The coefficient of determination measures the performance of the learned regression model compared with a baseline model that only reports the mean of the target variable, independent of any other variable. If the map error is less than the mean error, the coefficient of determination becomes greater than zero, indicating a better performance of the learned model compared with the baseline model. If the map error is greater than the mean error, the coefficient of determination becomes less than zero.

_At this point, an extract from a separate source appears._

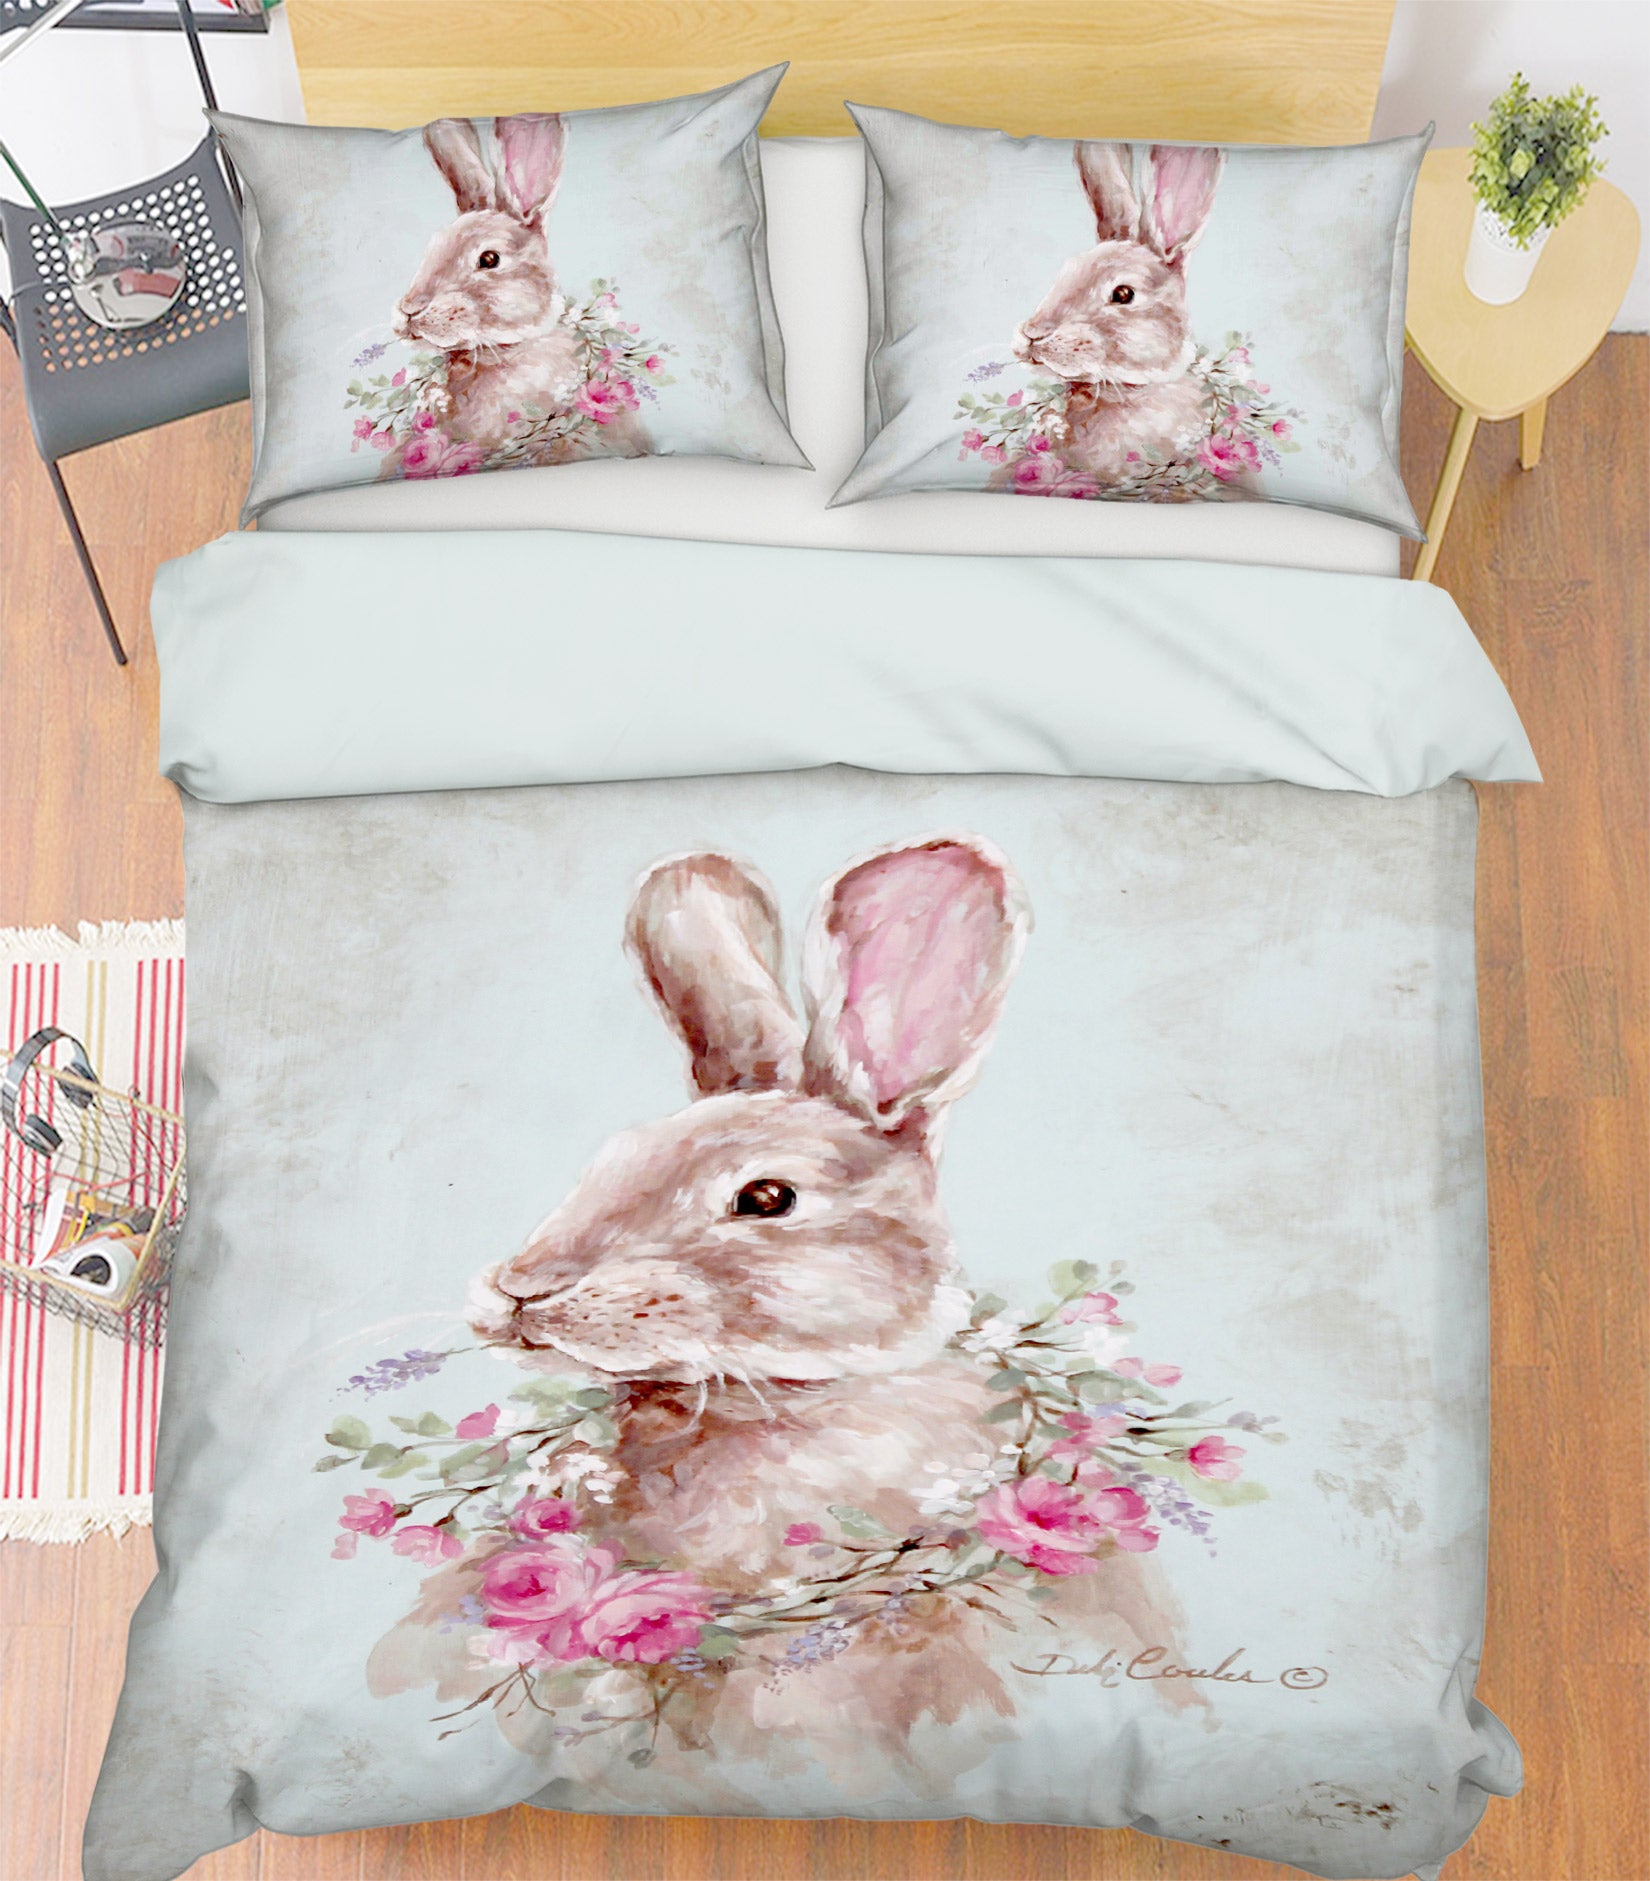 3D Wreath Bunny 2076 Debi Coules Bedding Bed Pillowcases Quilt

In such cases, the baseline model performs better than the learned model, and using that map for proper estimation is not recommended. The presence of a negative coefficient of determination may signify the occurrence of under-fitting or a failure to converge within the regression model. This issue may arise due to various factors, including an inadequate number of instances for updating the map, improperly tuned hyperparameters, an abundance of noise or outlier, and the absence of a polynomial relationship between the features situated on either side of the map. Therefore, one of the necessary conditions for selecting a map will be as follows:

$$\begin{aligned} R^{2}_{m_{i,j}} > \mathcal {R} \qquad \mathcal {R} \in [0, 1 ) \end{aligned}$$
(7)

Where \(\mathcal {R}\) is a hyperparameter determining the coefficient of determination threshold for selecting a map. It is often assumed to be zero, but assigning higher values is also possible, which will be explained further.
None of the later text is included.